Brexit can only take off on world trade terms

If you believed the headlines in the last six months, you would be forgiven for thinking that you would be unable to book a city break in Europe or visit loved ones abroad after the UK leaves the European Union. Apparently, planes will not be allowed to fly or – even worse – land on 30th March if we leave without a Withdrawal Agreement.

We are told this is because we are led to believe the UK does not have the right deals in place, because pilot licences will no longer be valid, British aviation companies will have relocated to Paris and we can’t import enough Mars bars to feed the crew on long-haul flights.

As Chief Executive Officer of a global aviation technology company, I can reassure you that this is not the reality. The UK’s world class aviation industry is not going to sit on its hands after Brexit, let down millions of our customers or allow businesses to go bust.

Many of my colleagues and clients have made the same point. Willie Walsh and Johan Lundgren, the chief executives of British Airways and EasyJet respectively, have both dismissed the prospect of there being no flights between the UK and Europe. Meanwhile the Civil Aviation Authority has branded a Sky News report which suggested as many as 35,000 pilots would need to renew their licences as ‘misleading’, reminding us that the UK is a signatory to the International Civil Aviation Organisation Chicago Convention.

And yet, these stories portray Britain as afraid to stand on its own two feet, begging our European counterparts to allow our planes to land and to renew our licences.

Contrary to these myths, such headlines actually reflect the defeatism that underpins the draft Withdrawal Agreement, certainly not the optimism and resilience of our country and industry.

Since forming Vistair almost two decades ago, we have striven to become a global, innovative business that meets the challenges and opportunities offered by the UK and the world.

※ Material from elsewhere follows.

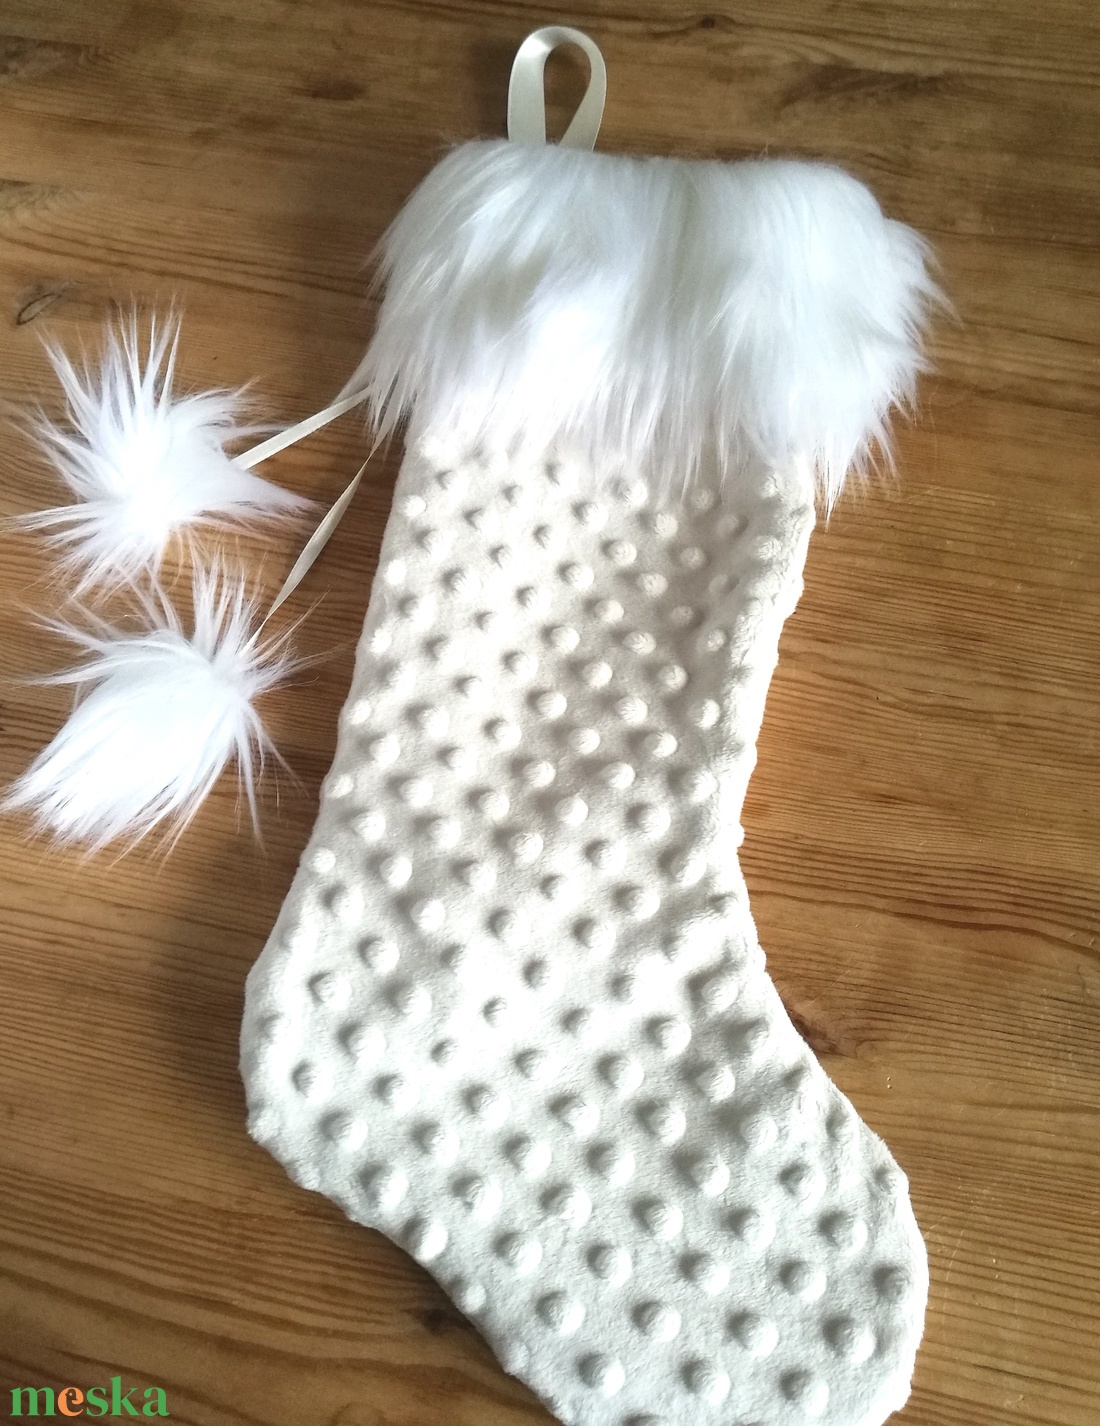 Mikulás zokni natúr fehér krém színű pliss, elegáns hosszú műszőrmével, karácsonyo dísz zokni, Mikulás csizma ajándék - karácsony - mikulás - mikulás zsák, zokni, csizma - mikulás - Meska.hu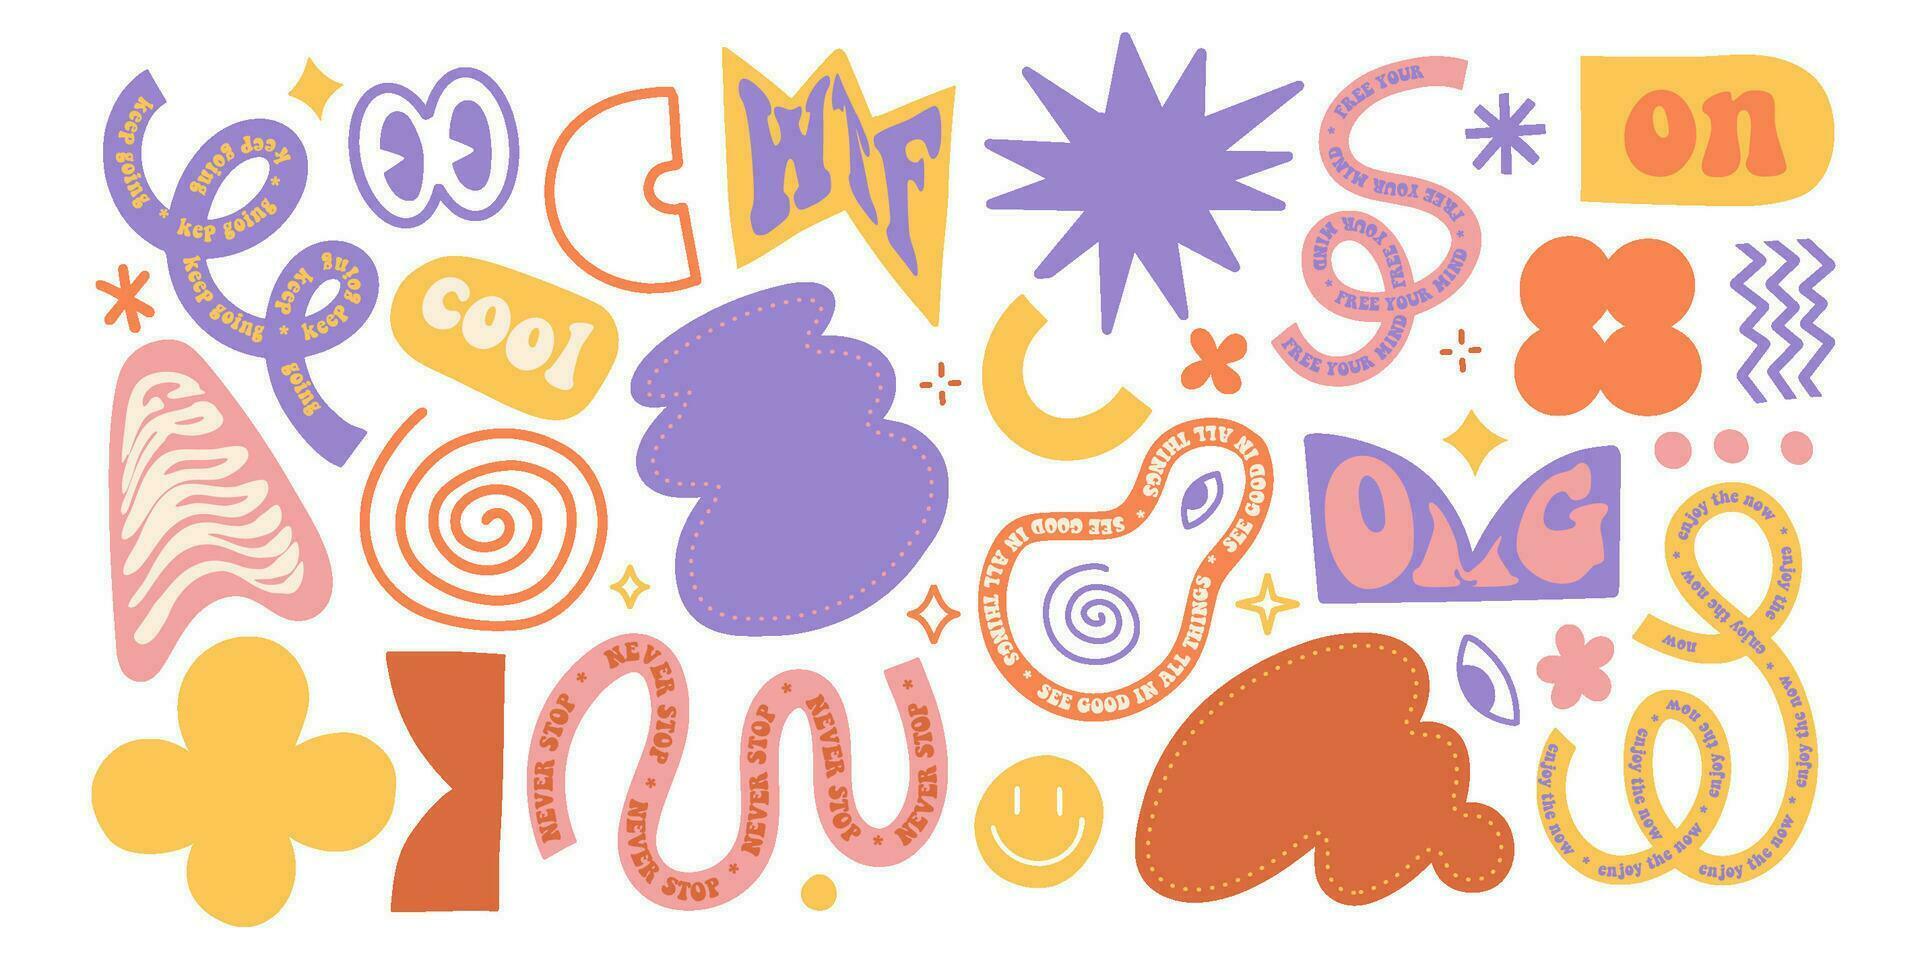 naief speels hand- getrokken abstract vormen stickers set. jaren 80-90 groovy meetkundig vormen met typografie in modieus retro stijl. vector vlak illustratie met golvend elementen. brutalisme esthetisch verzameling

I believe that by disengaging ourselves from the restraints and bureaucracy of the EU, these opportunities will multiply. For that to happen, we need a real Brexit: one in which we can strike Free Trade Agreements with the biggest and fastest-growing countries (hint: they are not in Europe), we can compete in our rightful place in the global economy and we can channel the innovation that is shown every year at the Farnborough Air Show.

Rather than letting ourselves be backed into a corner, afraid of the opportunities that a global trading platform like the World Trade Organisation presents, the UK needs to once again become the independent, entrepreneurial trading nation that 17.4 million people voted to see.